Joaquín Estefanía, ex director del diario madrileño El País, compartía este sábado en esas páginas su preocupación por lo que él llama «el declive de la democracia en todo el mundo». Para llegar a semejante diagnóstico se apoyaba en una investigación de opinión pública del Pew Research Center (organización con sede en Washington que se define como Fact Tank o depósito de hechos), y transmitía su inquietud con estadísticas extraídas de ese trabajo: «España se sitúa en primera posición, entre los 24 países analizados, en la percepción de que los representantes políticos no tienen en cuenta a la gente común (85%); asimismo, ocupa la segunda posición en la idea de que ningún partido representa a los ciudadanos (60%), solo por detrás de…»
¿Cuál es el país que supera a España en la percepción crítica de los partidos políticos? Argentina, con el 62% de sus ciudadanos respondiendo que no se sienten representados.
«Este doble dato apuntala un diagnóstico claro: una fuerte desconexión entre ciudadanía y representantes, acompañada de una débil identificación con la oferta política existente», concluye Estefanía.
¿El alerta debería ser compartido por nosotros?
La investigación del Pew Research -citado como el Gold Standard o estándar de oro en este tipo de trabajos- también ilumina que el 83% de los argentinos cree que a los funcionarios les importa poco o nada lo que piensa el ciudadano promedio (el hombre de a pie).
Hay que ser cautelosos, pero el dato parece vincularse directamente con la caída en la participación electoral en las legislativas de 2025, donde en algunas provincias osciló entre el 46 y el 65% del padrón.
En ese ranking de disconformidad democrática, Argentina comparte ubicación con los Estados Unidos, lo cual haría pensar que la frustración es un subproducto de la polarización, y supera a Nigeria, por ejemplo. ¿En qué país los ciudadanos se sienten mejor representados? No es muy difícil de adivinar, orientados por el bienestar de las democracias escandinavas: también en ese casillero Suecia aparece como el modelo inalcanzable.

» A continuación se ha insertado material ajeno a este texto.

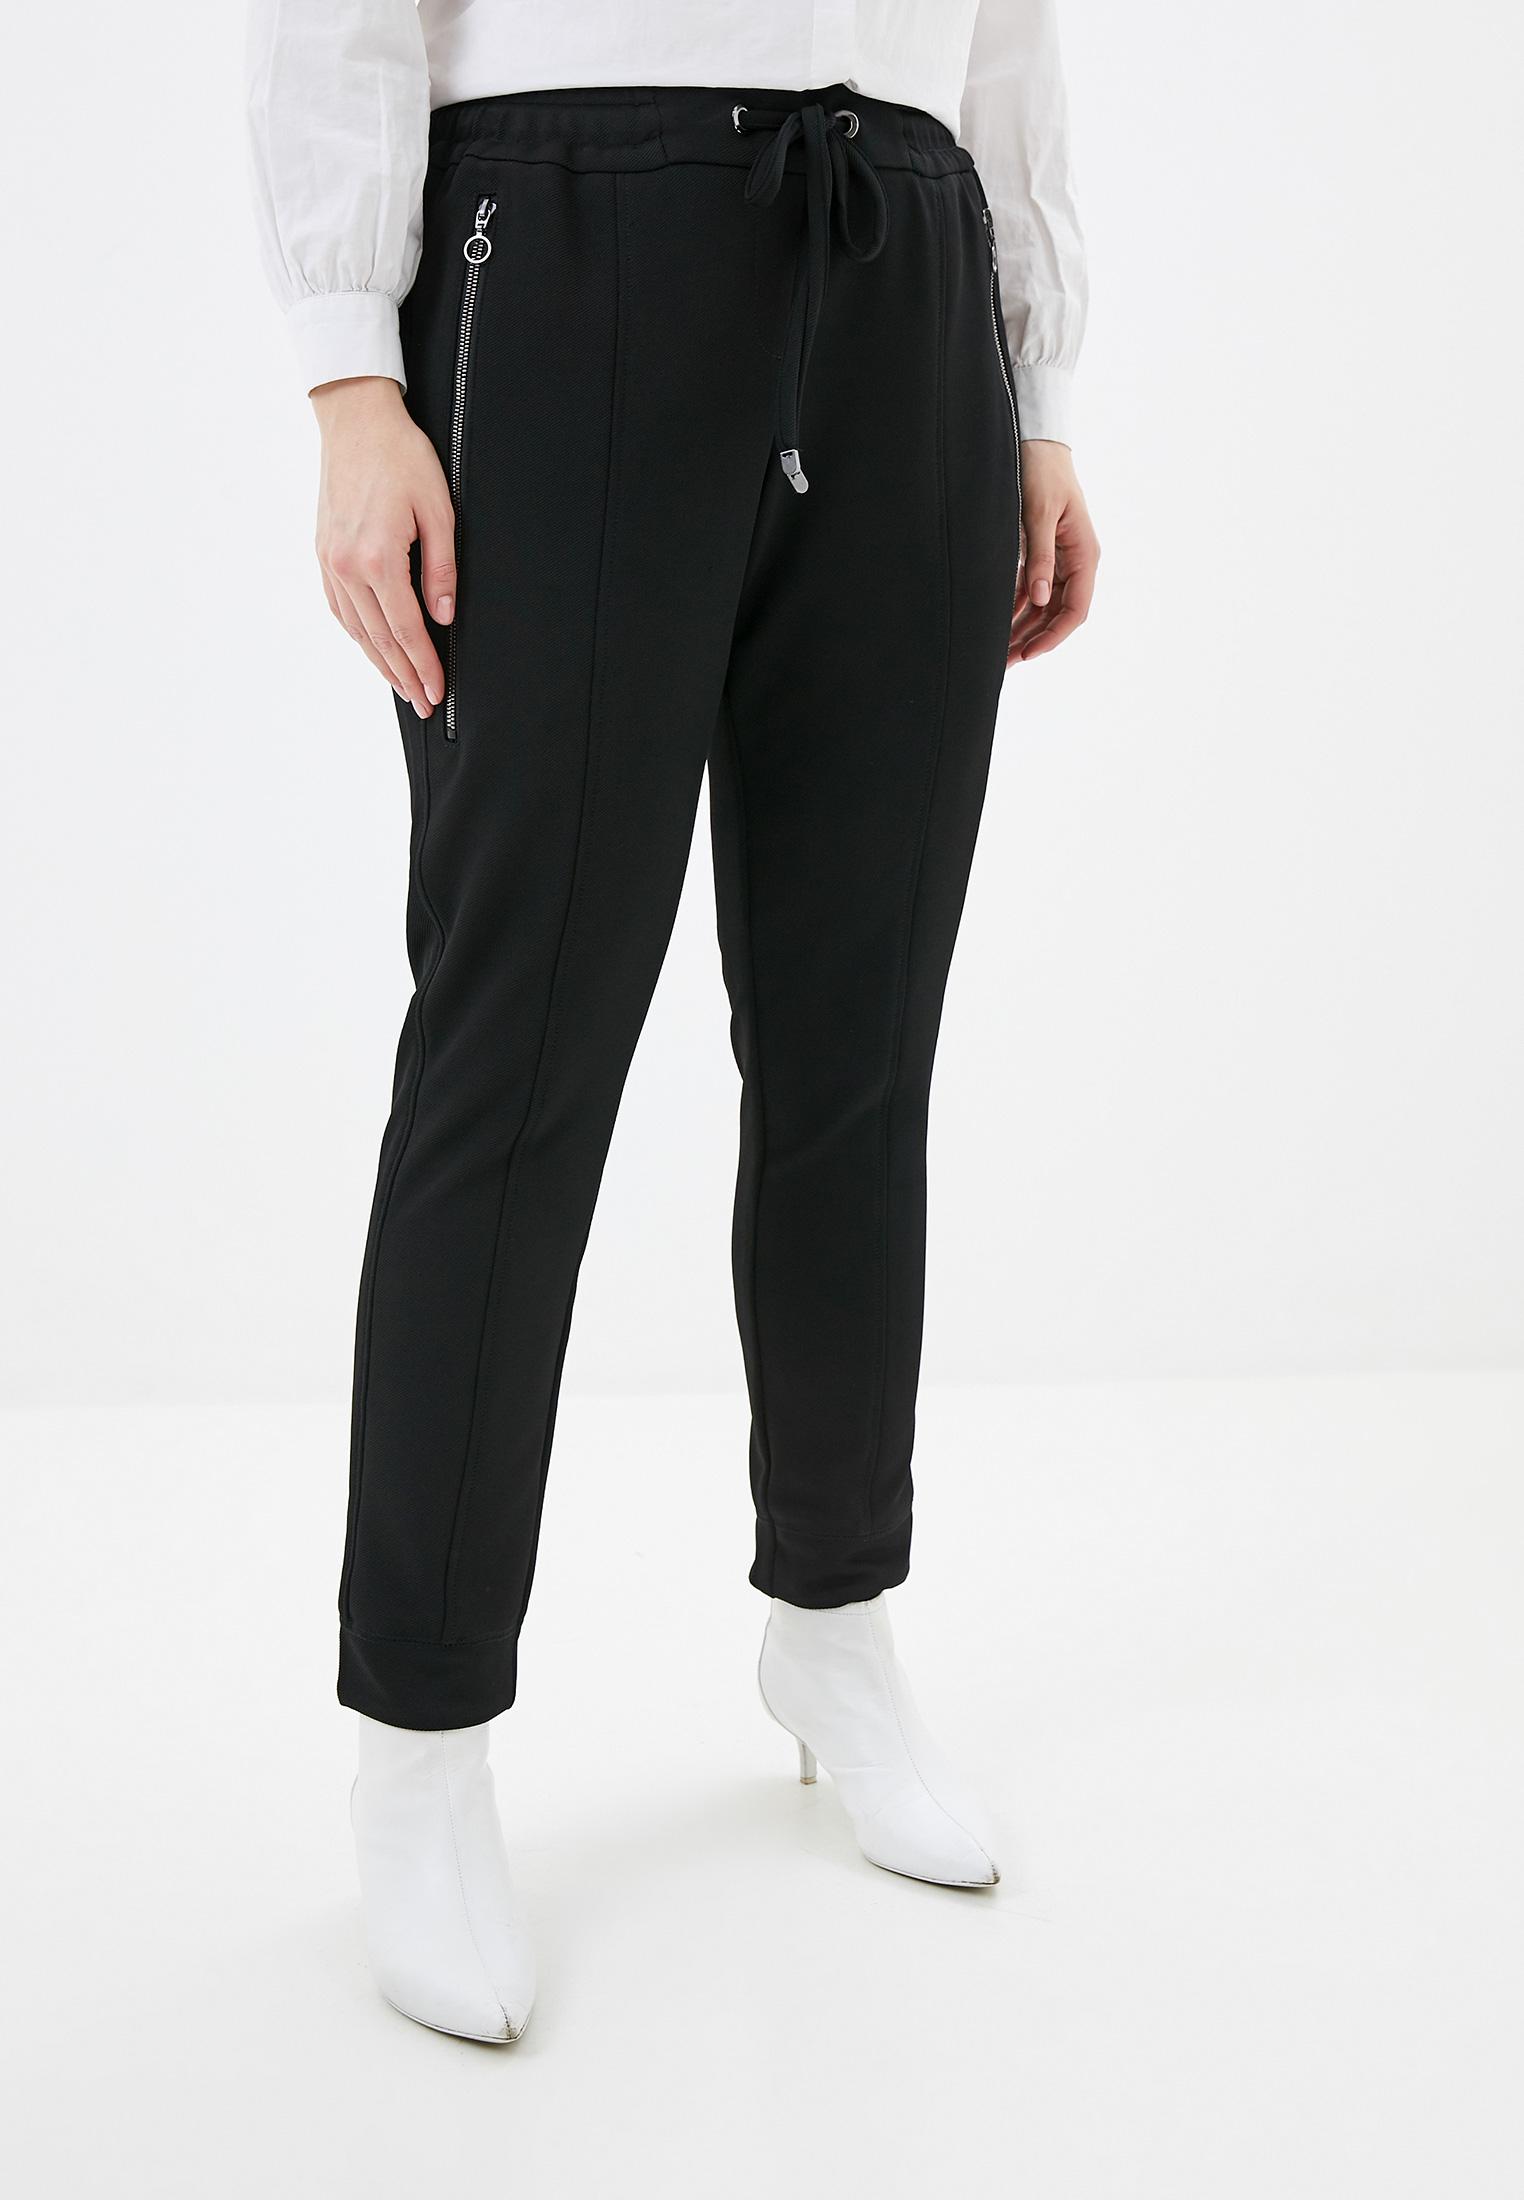 Женские зауженные брюки Betty Barclay 6076/1409
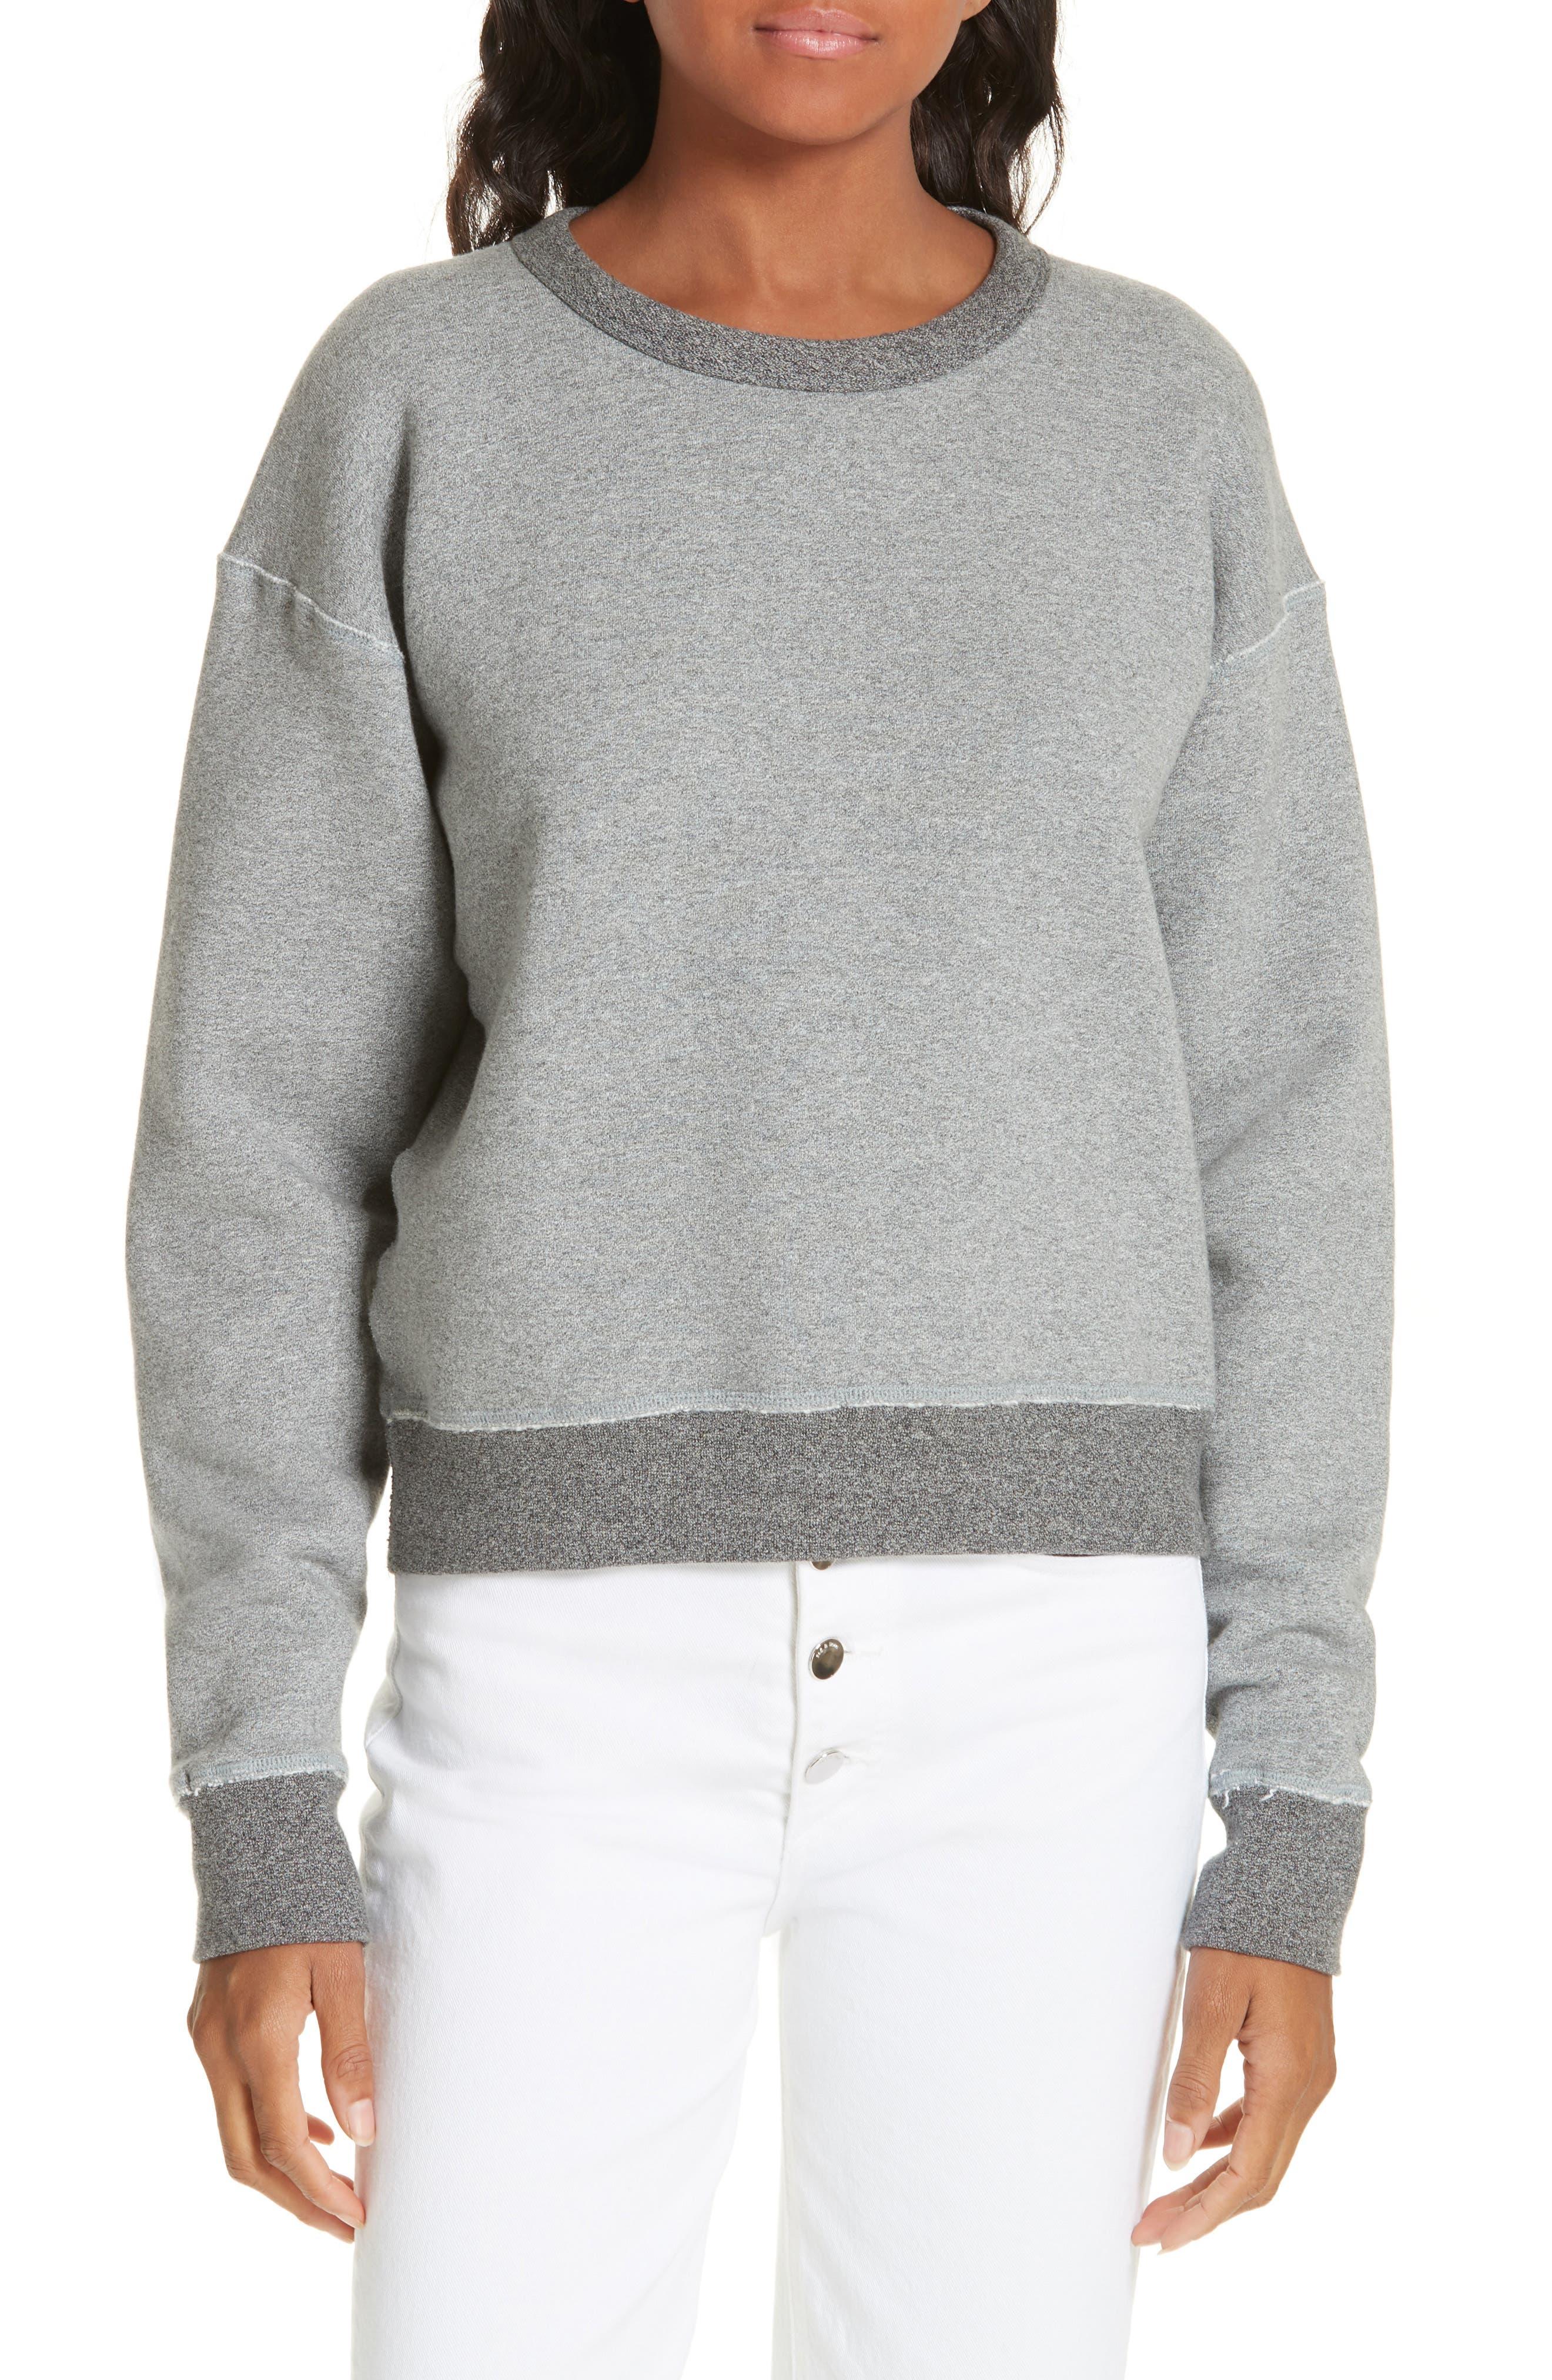 rag & bone Best Sweatshirt,                             Main thumbnail 1, color,                             HEATHER GREY

Otros índices definen los contornos del inquietante tablero. Atención, un 54% de los argentinos indicó estar insatisfecho con la democracia (¡con el sistema, no con el Gobierno!), en una mirada desaprobatoria que seguramente incluye a los tres poderes, también al judicial. Y un último dato clave: la idea de falta de representación es compartida por votantes de derecha, centro e izquierda. Es decir, nadie está conforme.
¿Puede ser cierta esta descripción estadística cuando el día a día político se vive con una intensidad extrema? De nuevo allí la respuesta sería la polarización, como el fenómeno en el que minorías intensas, digamos libertarios y kirchneristas como los ejemplos paradigmáticos, ocupan la escena con polémicas y cruces permanentes que, lejos de mejorar la calidad de la vida democrática, la empeoran, y desaniman a una porción mayoritaria de la población.
Crisis silenciosa que avanza lejos de los títulos de último momento, invita a preguntarse cuáles son las alternativas, si las hay, en términos de candidatos y partidos, cuando los ciudadanos se manifiestan agotados hasta el escepticismo por la coyuntura. Si ensordecidos por los gritos, los insultos y las sospechas cotidianas, estamos perdiendo de vista el peligroso vacío que asoma detrás del ruido.